Soil organic matter (SOM) is composed of a complex and heterogeneous mixture of organic compounds as a result of different factors, such as plant and microbial inputs, parent materials, climate, and external disturbances [1,2,3]. The study of soil organic matter is challenging in terms of the multiple variables to consider, which requires an interdisciplinary research approach. Multiple questions arise related to the structure, water accessibility, interfaces, and reactivity of different kinds of soil organic matter [1,4]. In terms of the atomistic interactions, it is imperative to understand the interplay of interactions between organic compounds, ion species, and water, and how these interactions can be extrapolated to macroscopic properties. Our understanding of the properties and behavior of SOM is crucial in addressing important questions related to the impacts of pollutants and pesticides in the carbon cycle and their effects on global warming [5,6,7,8].

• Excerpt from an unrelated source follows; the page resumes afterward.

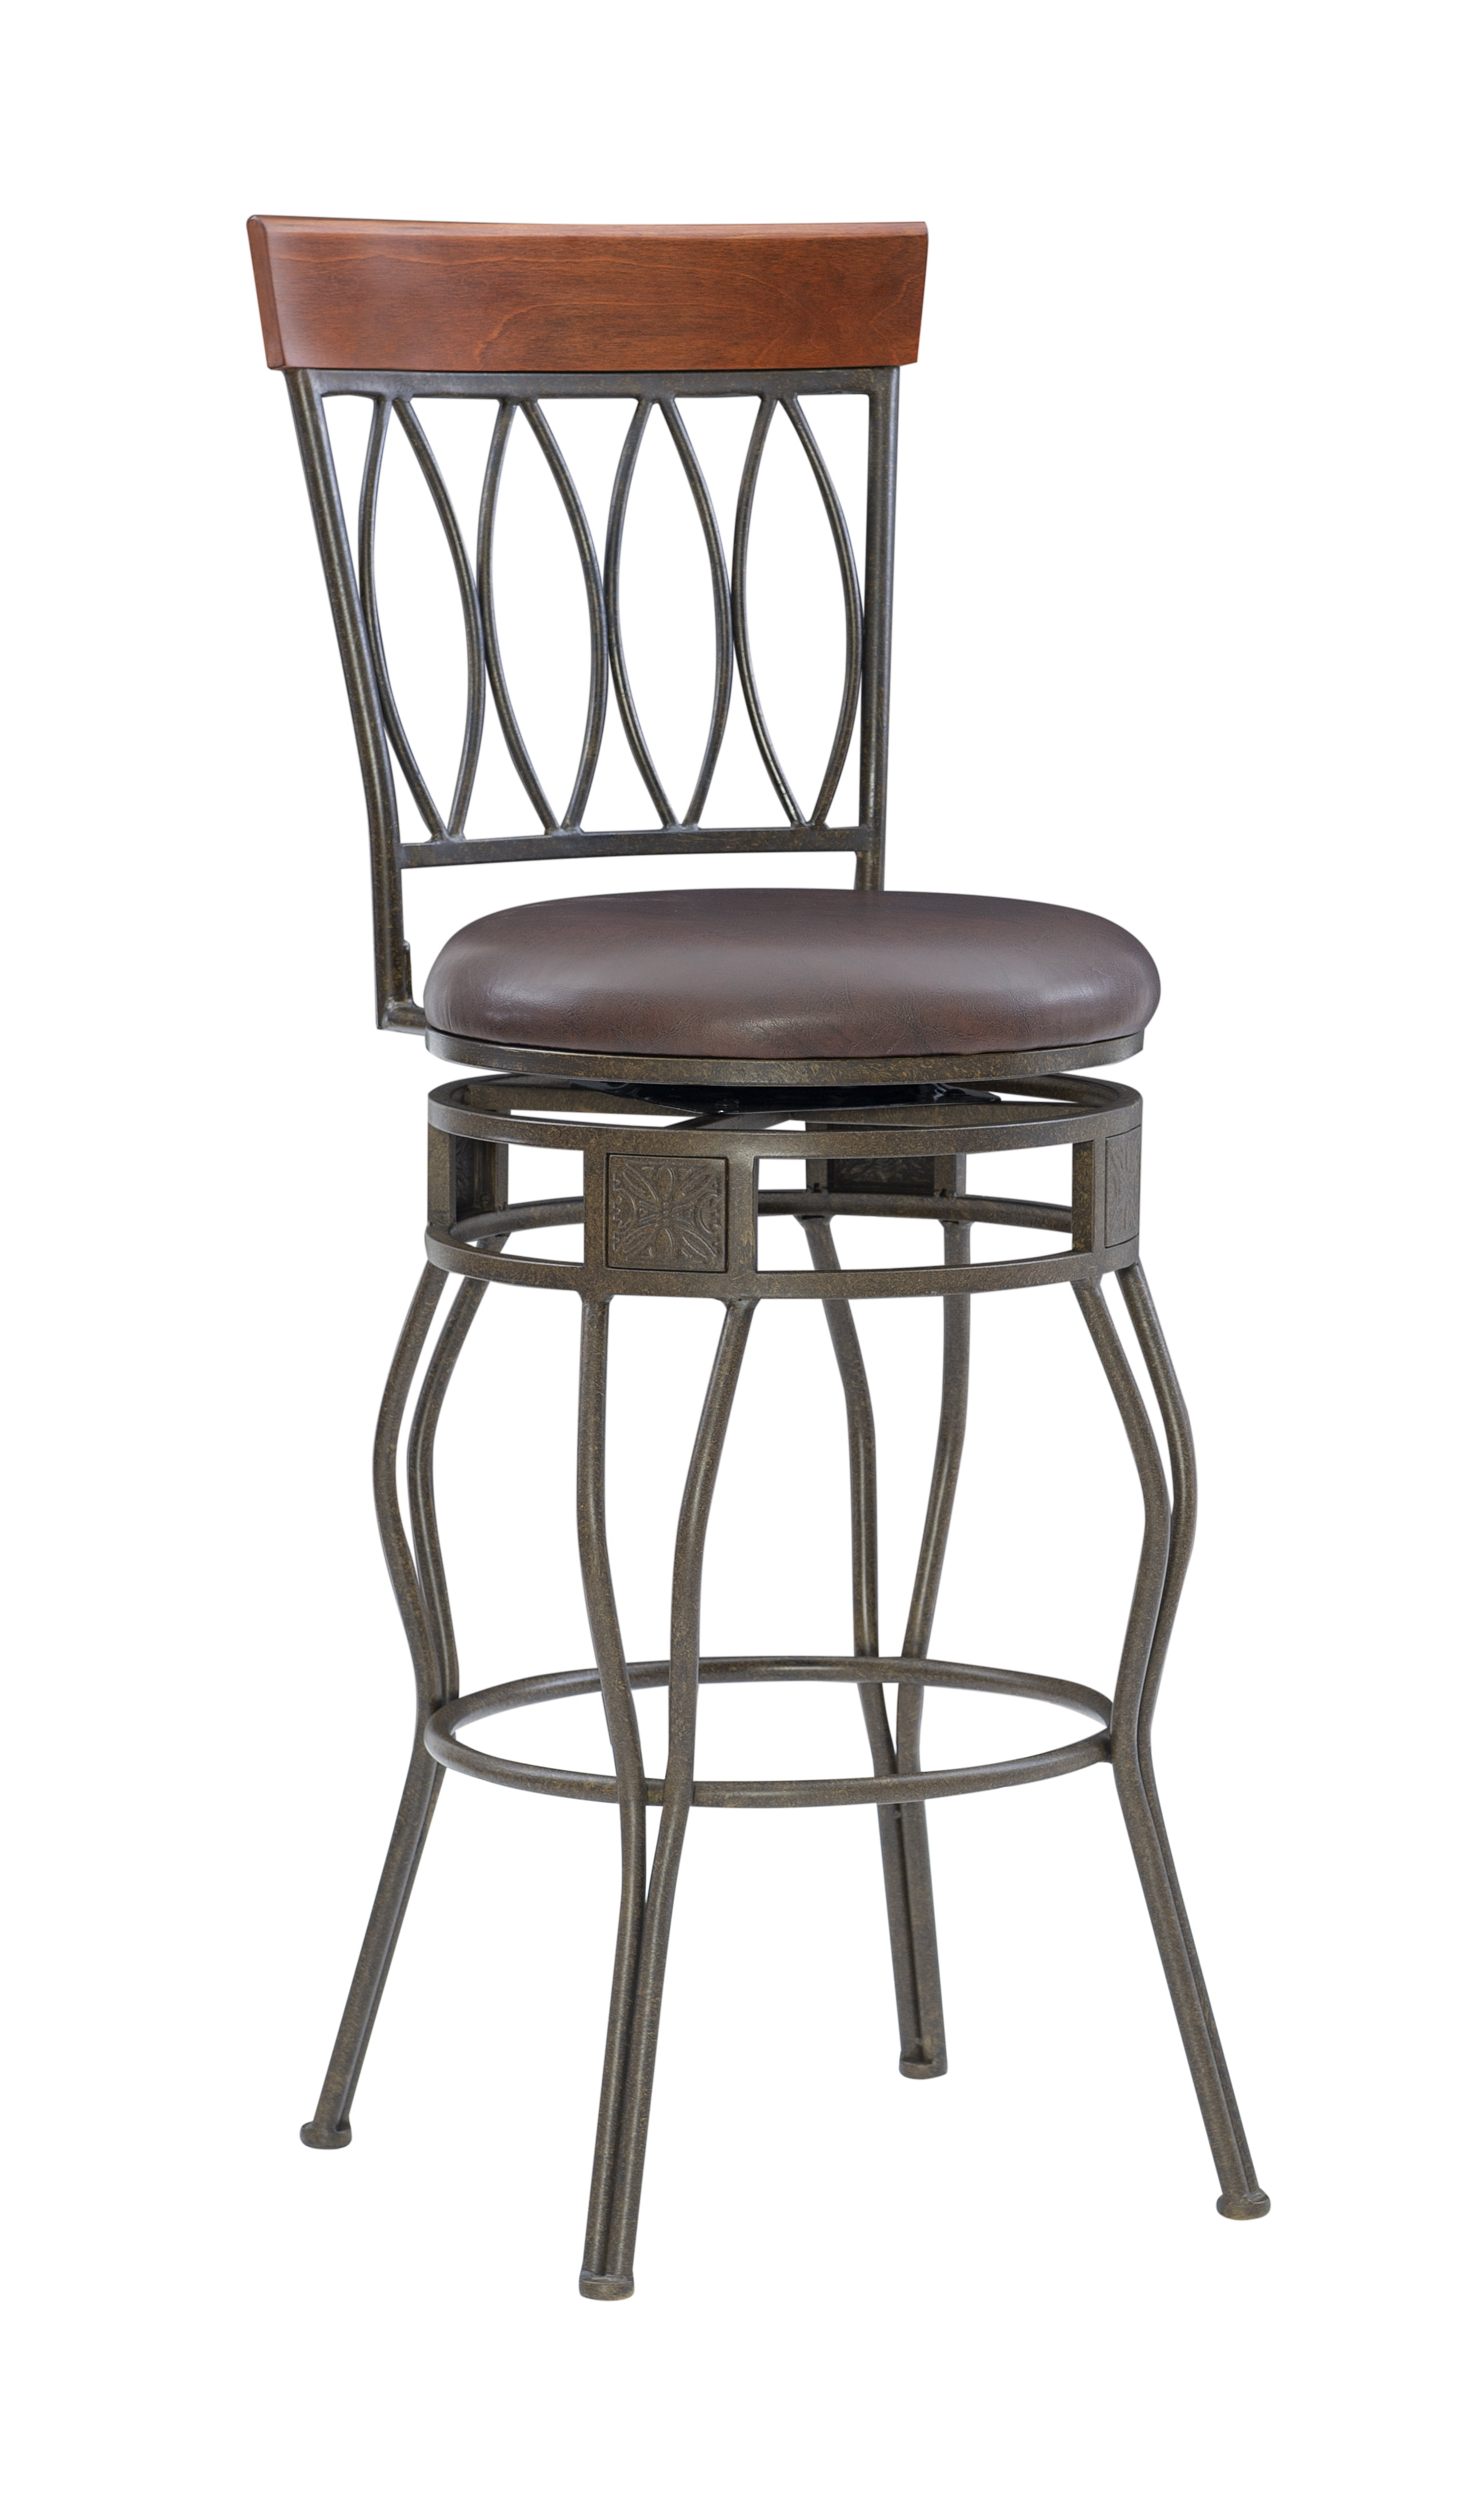 Linon Oval Back Bar Stool Brown 30, Counter Stool Seat Height Inches

Humic substances (HSs) have been proposed to be the principal component of SOM and correspond to organic compounds formed by the humification process of plant and microbial remains [9]. The precise properties and structure of HSs are determined based on the water content, soil source, and extraction methods [10,11]. New experiments have demonstrated the complexity of SOM and the interconnectivity with the mineral matrix, making a significant leap between the being and essence of the humic substance definition. Despite this discussion, the extracted samples and their standardization have facilitated a systematic understanding of SOM for decades [10].

An alkaline solution is used to extract HSs from the soil. The alkaline solution usually corresponds to a sodium hydroxide (NaOH) solution that solubilizes soil organic compounds via the ionization of carboxylic and phenolic groups. The subsequent re-acidification of the solution produces a precipitate called humic acid (HA) and a supernatant called fulvic acid (FA).

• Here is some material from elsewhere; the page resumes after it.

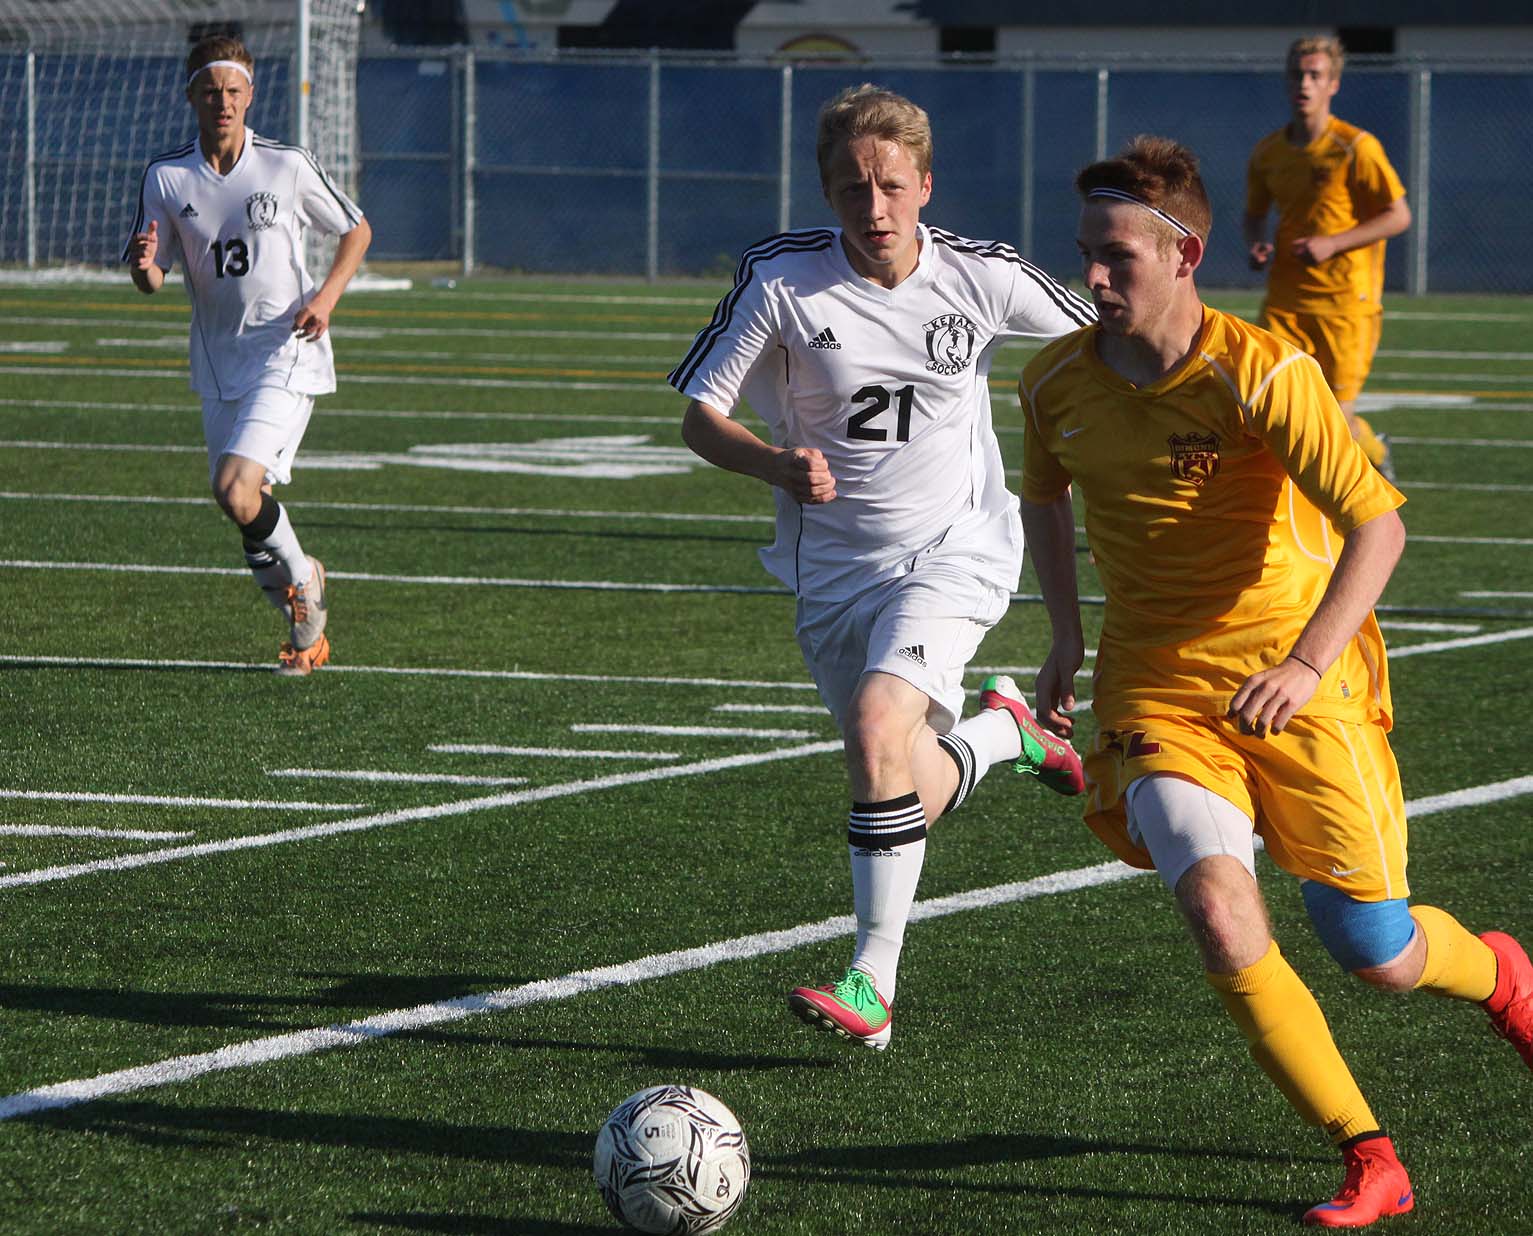 Kenai freshman Riley McKee hounds Dimond defender Kyle Stone during Friday's state soccer semifinal at Bartlett High in Anchorage. Dimond won 3-0.

The standardization of humic substances has been facilitated thanks to the International Humic Substances Society (IHSS. Available online: https://humic-substances.org/, accessed on 13 December 2021). The collection of these samples is accompanied by information about their elemental composition, ${}^{13}$C NMR Carbon distribution, and acidic functional groups, among others [12]. This permits us to gain insight into the chemical structure of SOM in general terms.

This information can be used to model and simulate the molecular structure of SOM. The use and power of molecular models have increased tremendously in combination with molecular simulations that can predict the dynamics and thermodynamic properties of constituting molecules. This simulation technique captures the motion of atoms, and the trajectory thus generated represents statistical mechanics ensembles, which can be used to extract macroscopic observables. Each molecular dynamics simulation can be considered a performed experiment in silico [13]. This tool allows us to understand how macroscopic properties are linked with the chemical structures and compositions of SOM.

Advances related to molecular dynamics have demonstrated the importance of the aggregation of soil organic matter. TNB models and VSOMM models have been used for molecular simulation to describe the aggregation of humic substances and the interaction between carboxyl groups and positive ions [14,15,16].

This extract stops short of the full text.